While making policies for children, local governments must remember that what they do is not a blessing but an obligation.
The climate change actions initiated by Greta Thunberg spread all over the world, becoming a major action involving children from 139 countries, including Turkey. In your experience, are children able to participate in decision-making processes on issues concerned with disasters? Are there any regulations that guarantee the participation of children?
Greta and hundreds of children organised demand for justice against climate change because they are concerned about what is happening around them, like all of us. What is more important is that they did it at a time when many adults remained silent or perhaps at a time when adults had no hope at all. Most of the children in Turkey are taking action as climate change activists. Unfortunately, we cannot say that children can participate in policies concerning disasters or similar areas -preventive or remedial regulations- in general. However, contrary to what we adults do, children are pretty competent at creating their own spaces.
There are not many mechanisms that structurally guarantee child participation in Turkey. Although this is an obligation according to the UN CRC, it is unfortunately considered a blessing and depends on the discretion of adults. But such mechanisms will evolve as the children’s rights movement works with children on participation. It is well-grounded to say that there is a change and transformation in this regard with each passing day.

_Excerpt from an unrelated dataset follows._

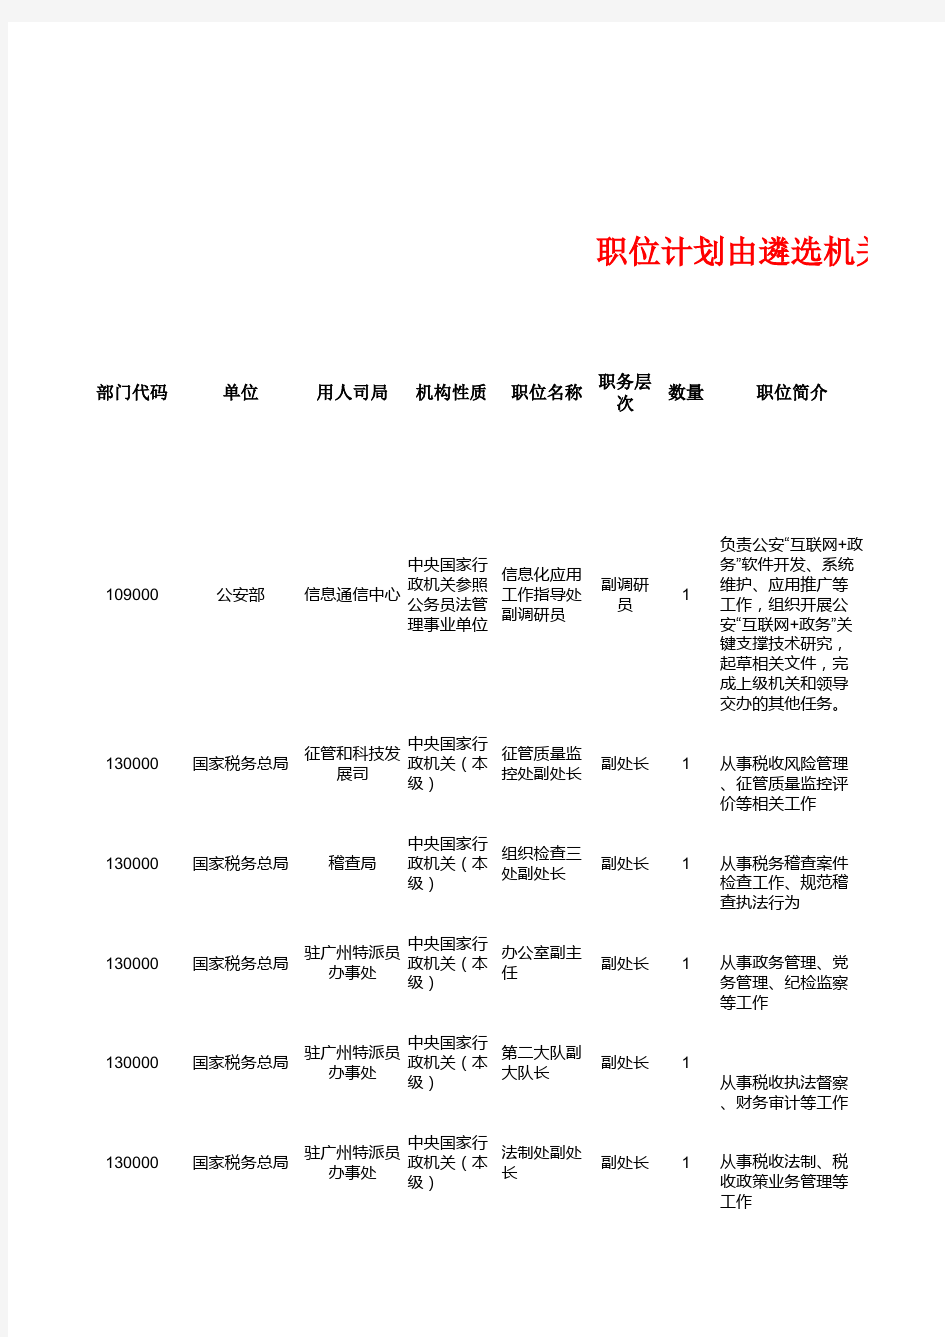 2019年度中央机关公开遴选公务员职位计划表

FİSA was established in 2015 to support the creation of cultural, scientific, intellectual, and artistic productions. FİSA carries out projects and programs on the issues of child neglect and abuse, child labour, discrimination, child participation, child and migration, disability, and education to promote children’s rights. FİSA provides scholarships for students in addition to implementing educational activities in arts and science in collaboration with public institutions, the private sector, and CSOs.